O Brasil manteve sua posição como o segundo país com a maior taxa de juros reais do mundo, segundo levantamento divulgado pela plataforma financeira MoneYou na quarta-feira, 30 de julho de 2025. A taxa Selic, atualmente em 15% ao ano, foi elevada pelo Comitê de Política Monetária (Copom) do Banco Central em 0,25 ponto percentual no mês de junho, reforçando o diferencial de juros em relação a outras economias.
Ranking global de juros reais: Brasil segue em 2º lugar
Com taxa Selic em 15% ao ano, Brasil permanece como o segundo país com maior juro real do mundo, atrás apenas da Turquia. Entenda!
O que são juros reais e por que eles importam?

Conceito de juro real
Em termos simples, é o retorno real que um investidor pode esperar após descontar a corrosão do poder de compra causada pela inflação.
Leia mais: Agosto de 2025: feriados municipais nas capitais do Brasil
Ranking global: Brasil atrás apenas da Turquia
Comparativo internacional
Segundo o levantamento, os países com maiores juros reais são:
- Turquia: 10,8%
- Brasil: cerca de 10,3%
- Argentina: em torno de 7,2%
- África do Sul: 5,9%
- México: 5,1%
Quais os efeitos de juros reais altos para a economia brasileira?
Atratividade para o capital estrangeiro
Juros reais elevados tornam o Brasil mais atrativo para investidores internacionais que buscam rendimentos acima da média. Isso pode fortalecer o real e conter a inflação de curto prazo.
Incerteza no planejamento econômico
A elevada taxa de juros também representa uma dificuldade extra para empresas e famílias planejarem investimentos ou endividamentos de médio e longo prazo.
Perspectivas para os próximos meses
Expectativa do mercado
Apesar da política monetária restritiva, o mercado já começa a discutir a possibilidade de cortes na Selic no fim de 2025, caso haja melhora nas contas públicas e controle inflacionário.

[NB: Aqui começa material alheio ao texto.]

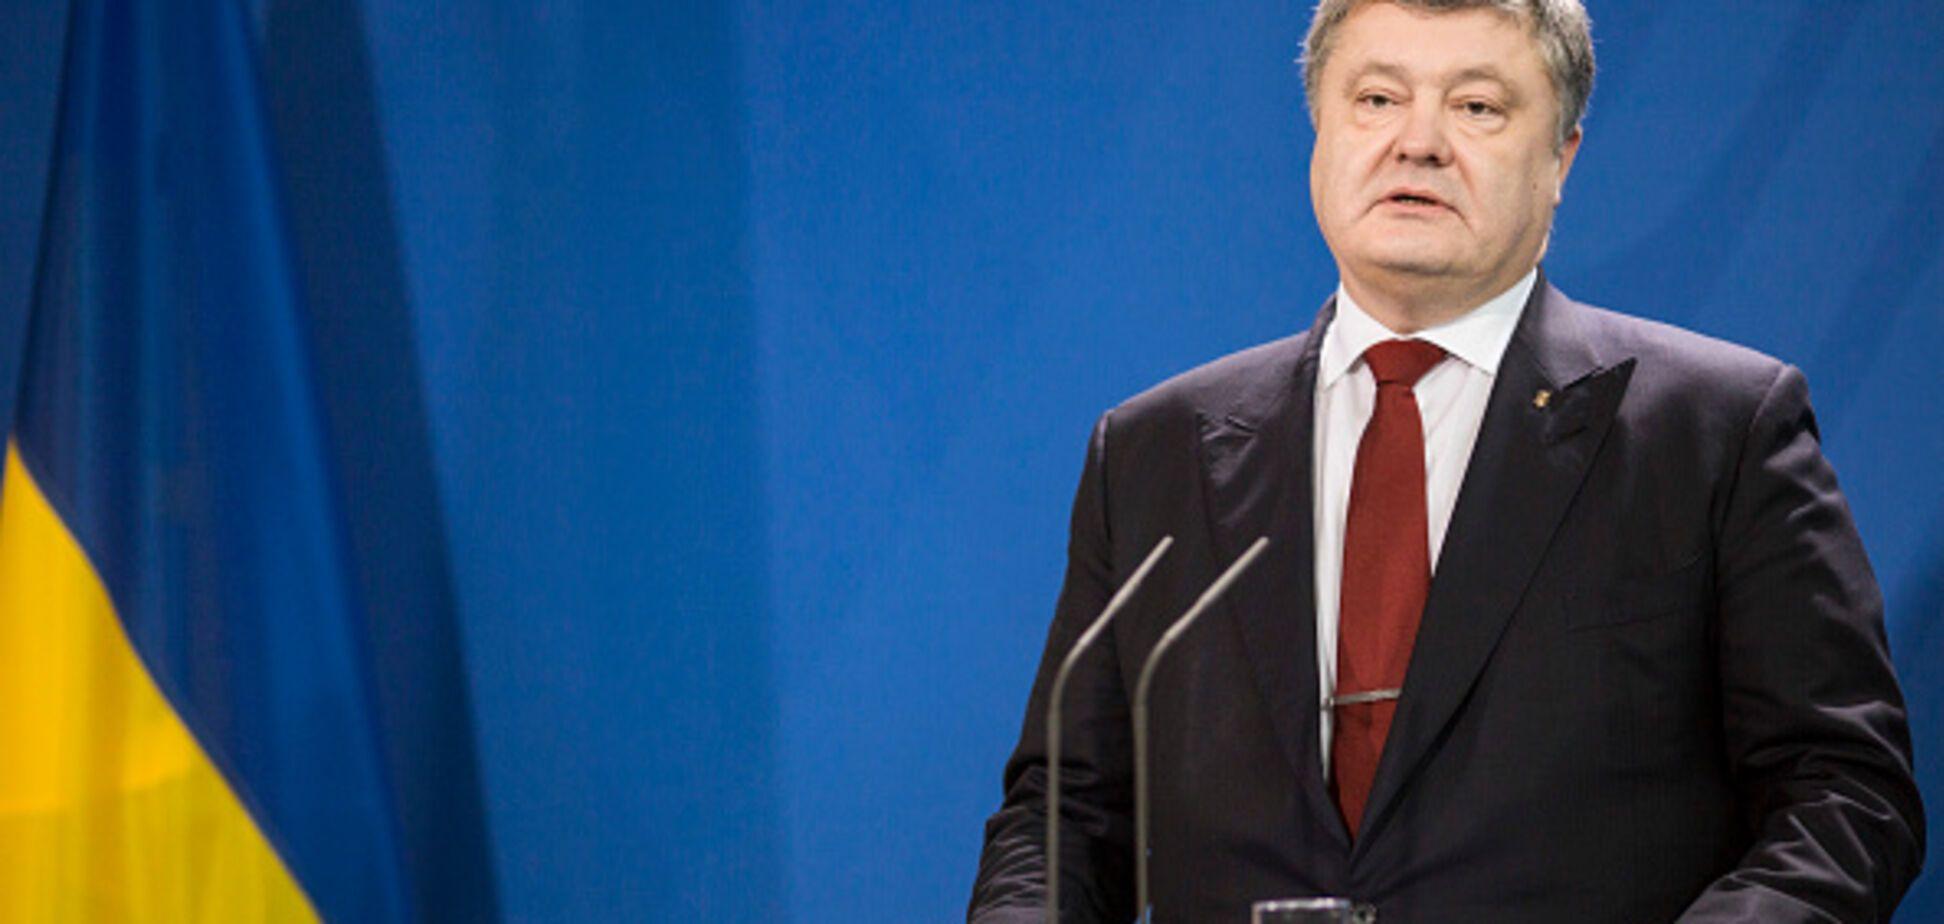 Реформи, а не революції: Порошенко виступив із сильним зверненням до українців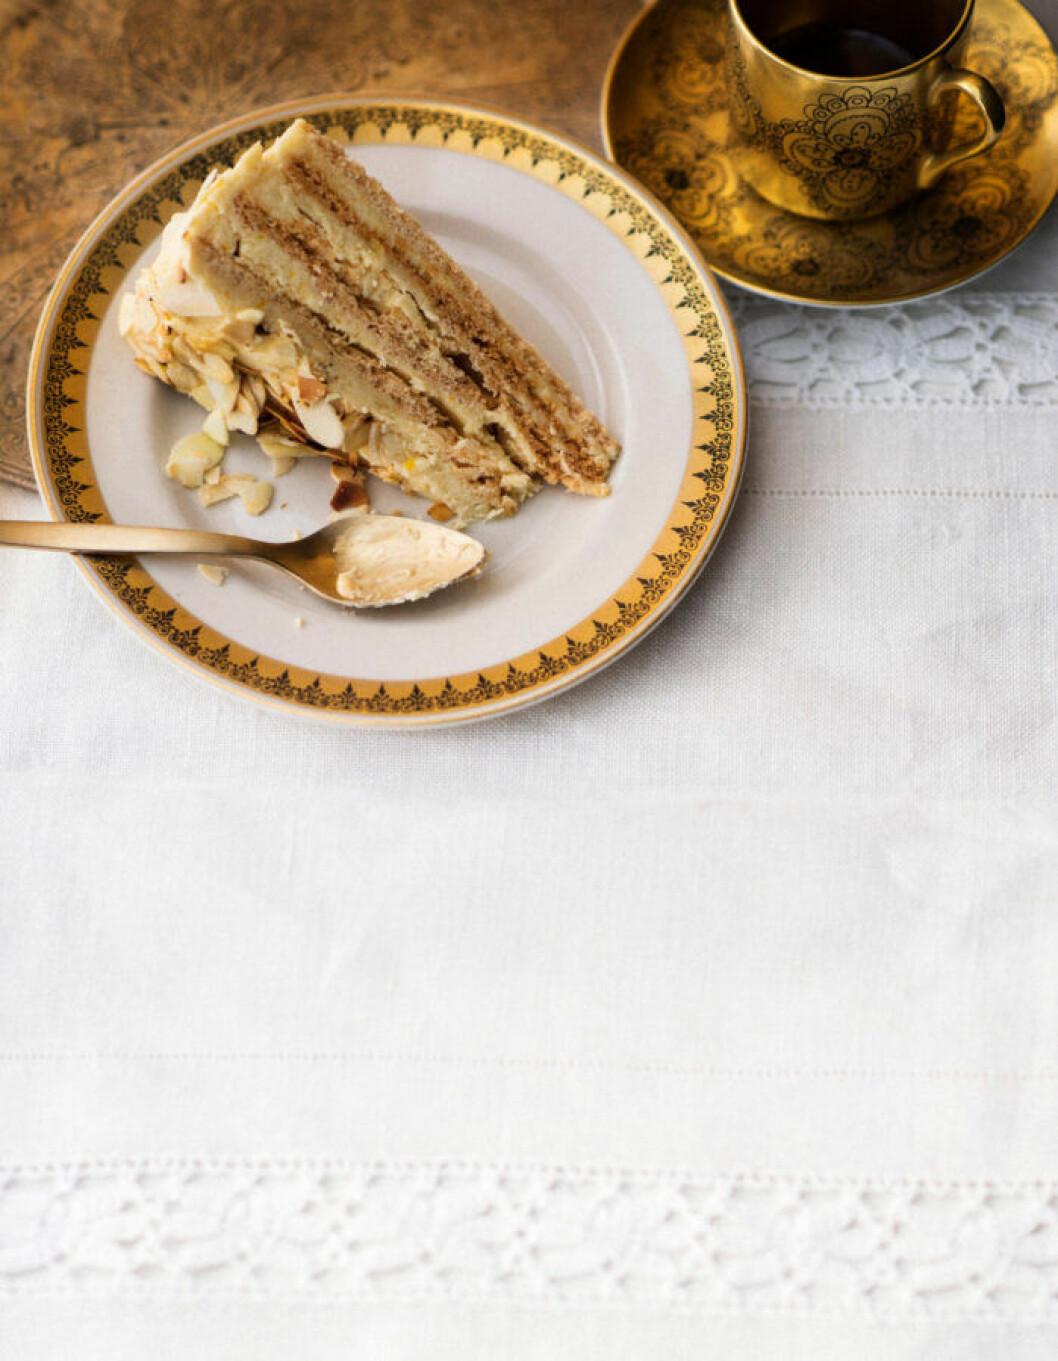 Recept på marängtårta med mandel och apelsinkräm

Condições para queda nos juros
Para que ocorra uma redução sustentada dos juros reais, será necessário:
- Adoção de medidas fiscais consistentes
- Redução do risco político e institucional
- Inflação sob controle e previsível
Comparativo histórico
Tendência persistente
Historicamente, o Brasil figura entre os líderes globais em juros reais. Essa posição é reflexo de políticas de combate à inflação e da necessidade constante de atrair capital externo, dada a fragilidade das contas públicas.
Evolução da Selic
Nos últimos anos, a taxa Selic passou por ciclos de cortes e aumentos. O atual ciclo de elevação começou em 2023, diante da pressão inflacionária global e das incertezas fiscais nacionais.
O que dizem os especialistas?

Gostou? Siga o Seu Crédito Digital no Google e receba notícias de benefícios, INSS e crédito em primeira mão.
+311 mil seguidores
Especialistas ouvidos por instituições financeiras apontam que, embora a taxa de juro elevada seja necessária para controlar a inflação, o prolongamento desse patamar pode sufocar o setor produtivo.
FAQ – Perguntas Frequentes
O que é juro real?
É o juro nominal descontada a inflação esperada. Representa o rendimento efetivo de um investimento ou o custo real de um empréstimo.
Por que o Brasil tem juros tão altos?
Devido a fatores como risco fiscal elevado, necessidade de controle inflacionário, baixo crescimento e insegurança jurídica.
Quais são os efeitos dos juros altos na população?
Redução no consumo, aumento do custo do crédito e desaceleração econômica. Em contrapartida, pode haver controle da inflação.
O que pode fazer os juros caírem?
Melhoria no cenário fiscal, queda da inflação, estabilidade política e credibilidade nas políticas econômicas.
Considerações finais
A permanência do Brasil na vice-liderança global de juros reais, mesmo após os ajustes na Selic, reforça um cenário de tensão econômica que vai além do ambiente doméstico. Com as novas pressões externas, como a guerra tarifária com os EUA e as sanções a figuras do Judiciário, o país enfrenta desafios adicionais para manter a estabilidade macroeconômica.
Dessa maneira, a política monetária seguirá pressionada por essas variáveis, e o caminho para uma eventual redução dos juros dependerá de avanços estruturais que vão muito além das decisões pontuais do Banco Central.